Where the records below reach the line containing "Velvet Upholstered Chair, With", start transcribing, and end with the line containing "Jewish Federation Of San Diego County", exactly and with nothing else added.

━━━ Exercise data

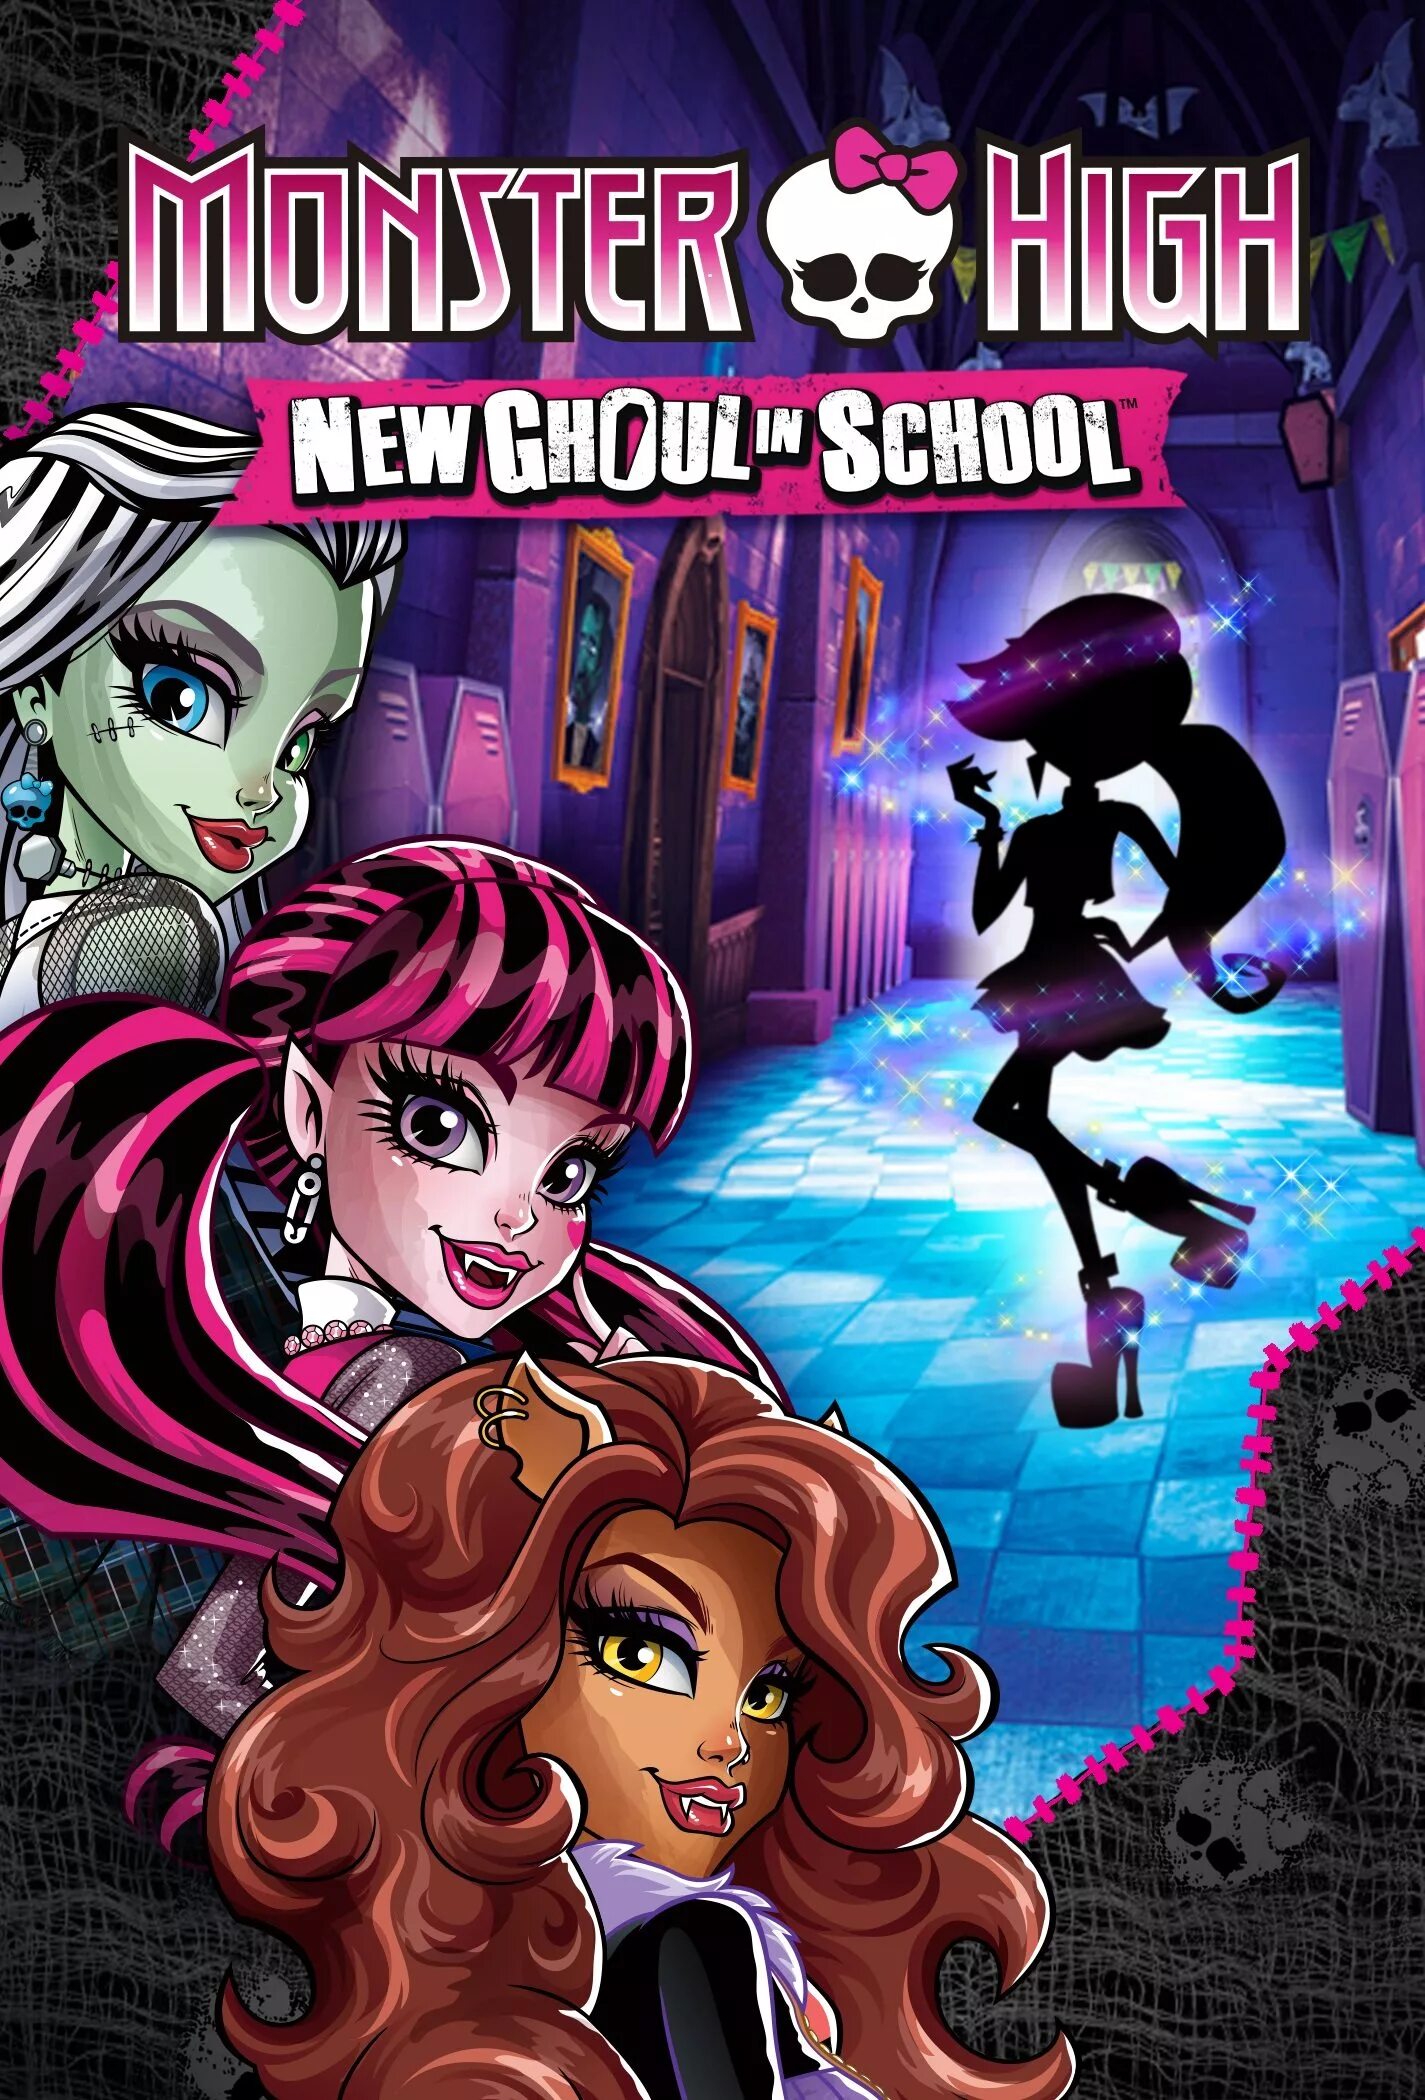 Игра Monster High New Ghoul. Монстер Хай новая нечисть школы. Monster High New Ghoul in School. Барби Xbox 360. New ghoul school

━━━━━━
━━━ Exercise data

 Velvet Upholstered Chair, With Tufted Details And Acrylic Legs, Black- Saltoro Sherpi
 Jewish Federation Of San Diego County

━━━━━━

> **Result**:
 Velvet Upholstered Chair, With Tufted Details And Acrylic Legs, Black- Saltoro Sherpi
 Jewish Federation Of San Diego County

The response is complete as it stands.